Instructions for the task:
Your output should be everything below from the line containing "Tropical Legumes Hub - Timeline" down to the line containing "Drawstring Gift Bags", both ends included, copied exactly, with pictures left out.

Record excerpts:
--

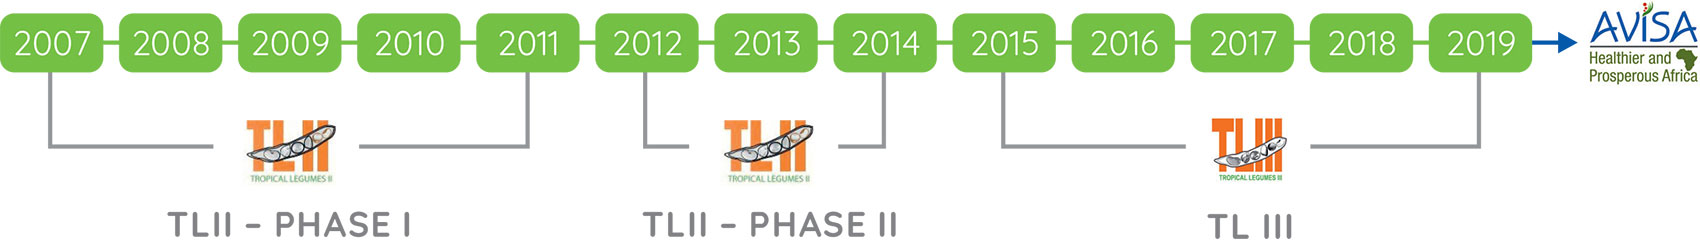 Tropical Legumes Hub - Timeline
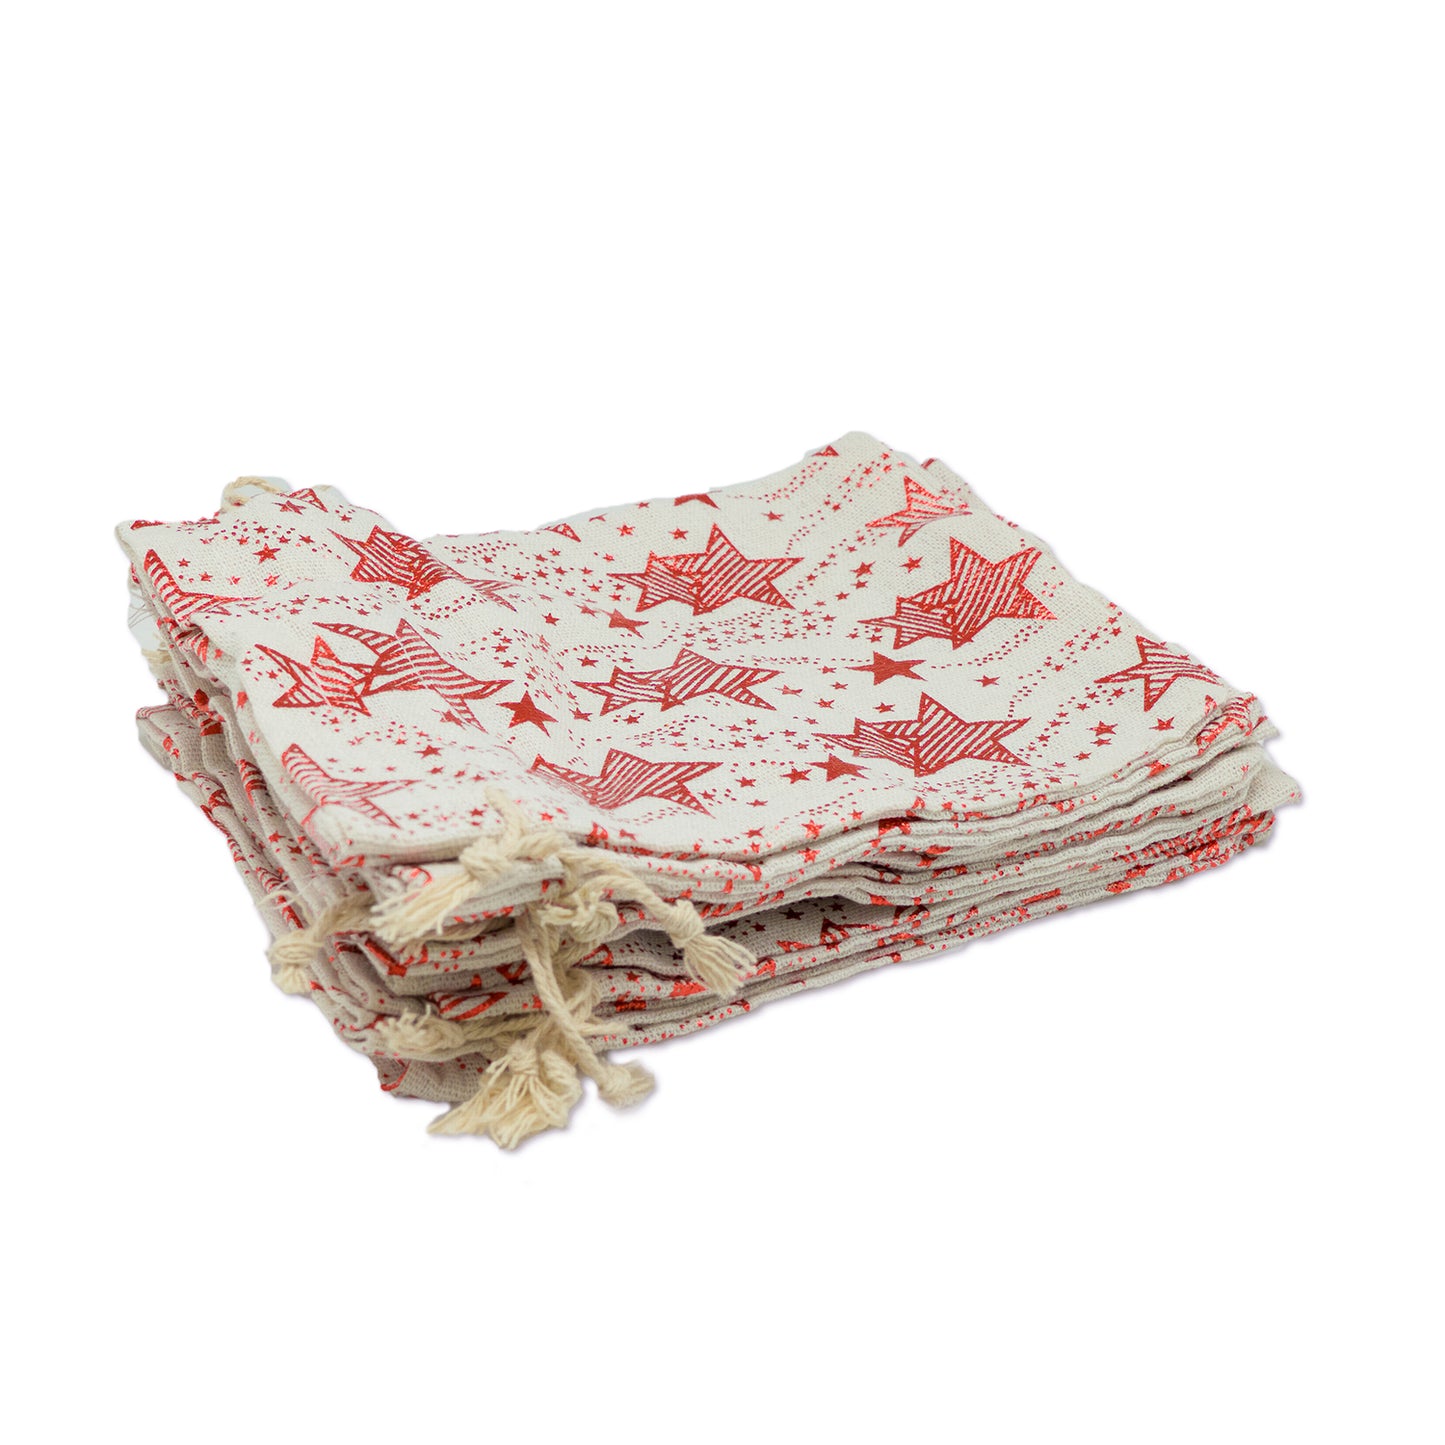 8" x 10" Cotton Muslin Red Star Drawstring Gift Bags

--

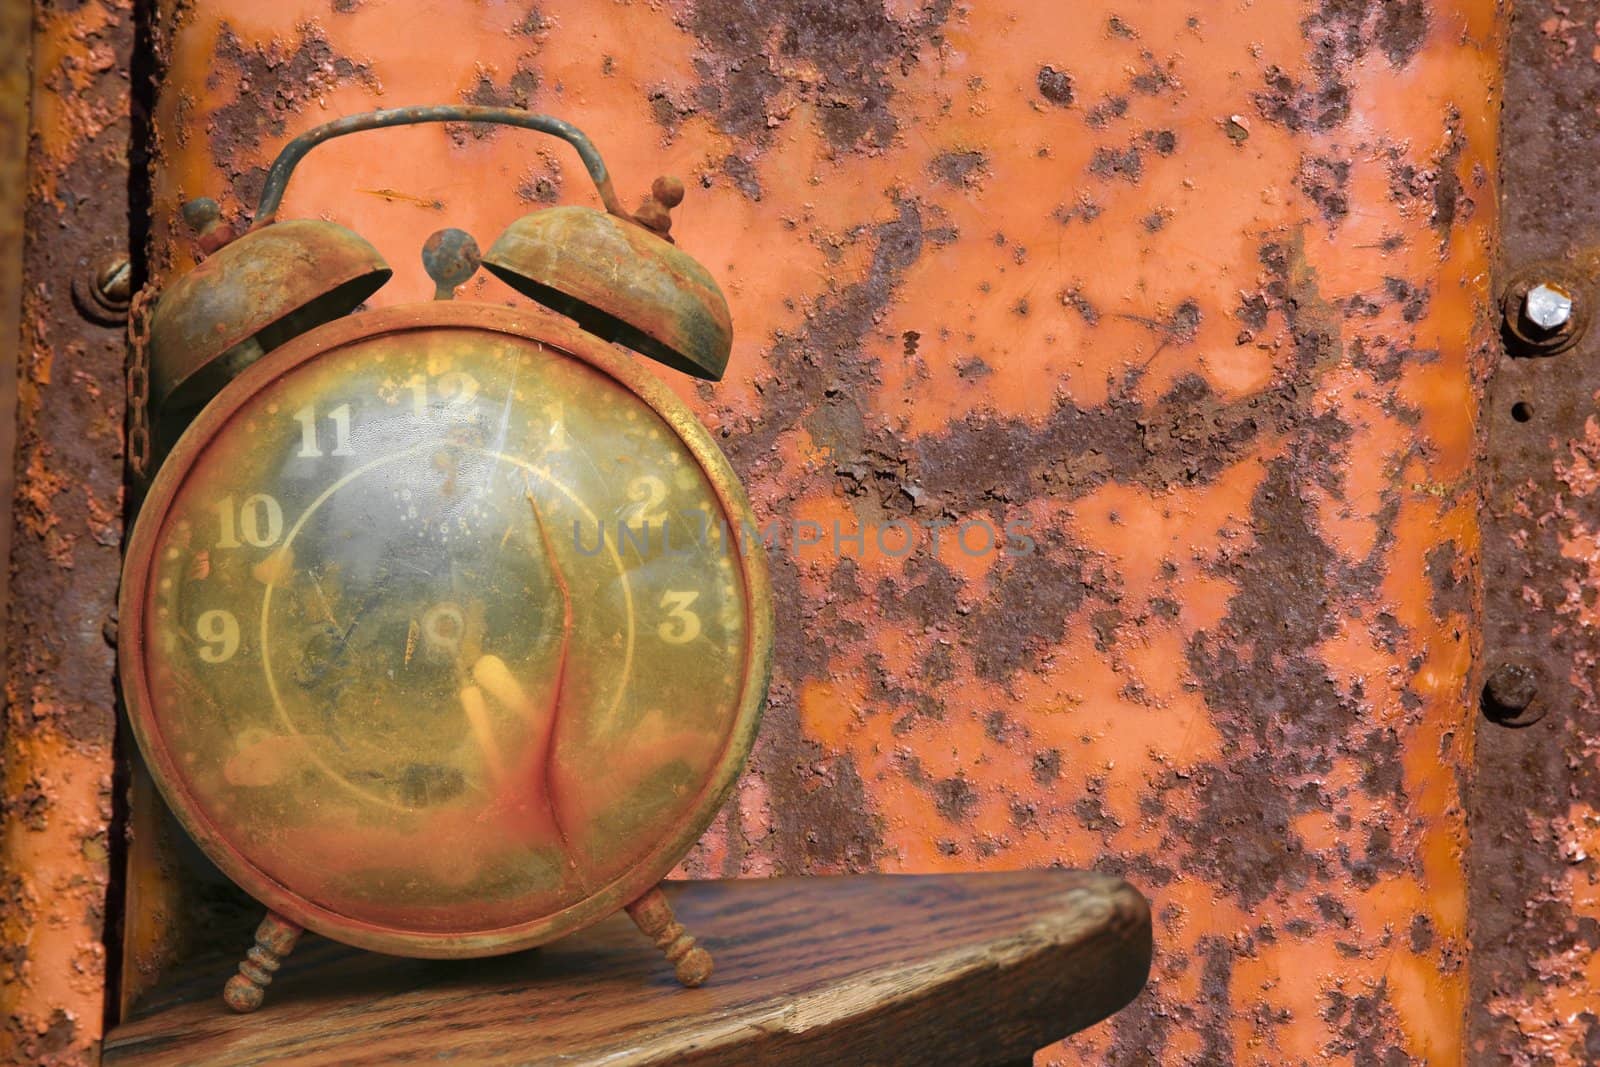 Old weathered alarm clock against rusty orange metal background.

--

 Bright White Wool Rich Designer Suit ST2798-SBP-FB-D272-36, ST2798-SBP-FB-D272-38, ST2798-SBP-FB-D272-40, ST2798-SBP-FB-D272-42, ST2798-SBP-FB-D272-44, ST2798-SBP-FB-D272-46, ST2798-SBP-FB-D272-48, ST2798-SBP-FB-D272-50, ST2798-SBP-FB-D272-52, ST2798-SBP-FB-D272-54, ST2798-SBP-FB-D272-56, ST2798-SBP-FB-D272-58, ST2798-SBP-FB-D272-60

--

Solution:
 Tropical Legumes Hub - Timeline
 8" x 10" Cotton Muslin Red Star Drawstring Gift Bags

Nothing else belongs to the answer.